Comment by Maximinus
2017-08-13 06:03:12

A friend of mine works for ‘Staedtler Mars GmbH & Co. KG’, and he will be delighted to hear about this application of their erasers. The information they might have a product to properly erase legal entries on sheepskin, however, is utterly faked news:

———————
“…the presence of a single sheepskin bifolio in the original Gospel text seems out of place. […] the best sheepskin parchment is worth less than the worst calf parchment […] This description would seem to imply that not only the text but the bifolia themselves were later 14th C additions. A possible explanation for the use of sheepskin for these subsequent additions that contain oaths, deeds and personal correspondence is found in the ‘The Dialogus de Scaccario’ [46], which describes a preference for legal documents to be written on sheepskin to avoid erasure and fraud of the written details. Unlike calf and goat, sheepskin has a lower density of collagen fibres at the base of the (more abundant) hair follicles, which means that the skin can split and the upper layer peel away if the parchment is roughly abraded.”
———————

Now that you mention it: They might have real sheep out there, and “Sheep-Ex Ink Parch-Out ™” would be a really cool new product name :skull:

 
Comment by dearieme
2017-08-13 16:23:39

The pdf refers to “Norwegian red and Holstein animals” so it was clearly written for an American readership.

 
Comment by Duke Marquis
2017-08-13 17:34:35

But, to be clear, your reference is to the linked PDF and not to this article.

 
Comment by dearieme
2017-08-13 19:08:26

You betcha, he said, writing for an American readership.

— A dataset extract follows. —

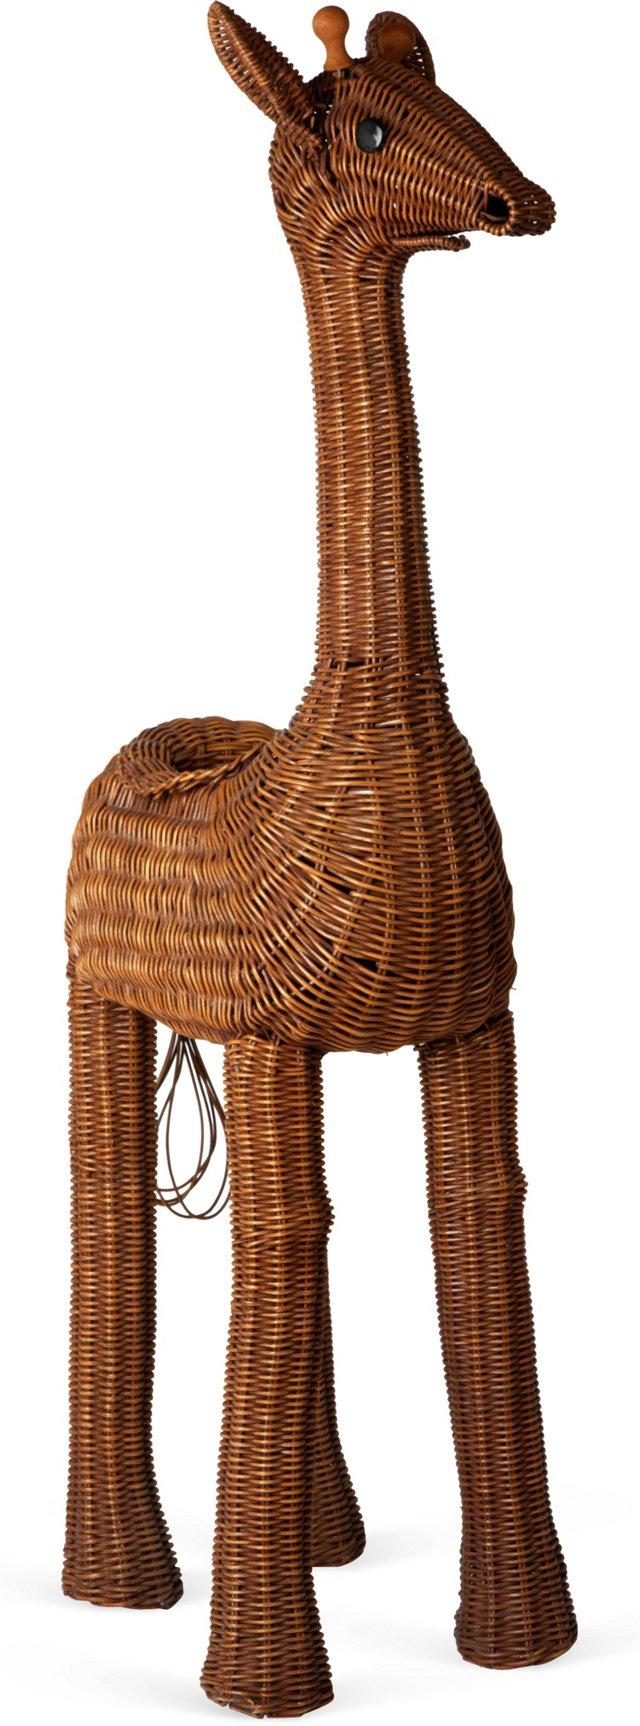 Playful & Fun Giraffe Planter

Sure thing.

 
Comment by Cordate
2017-08-14 03:25:30

Those were always some of my favorite erasers – highly effective and great for carving stamps out of to boot. Now I know of a third great use for them and wonder where else this technique might be applied in historical and archaeological contexts!

 
Comment by dearieme
2017-08-14 08:49:10

It is particularly ingenious, isn’t it?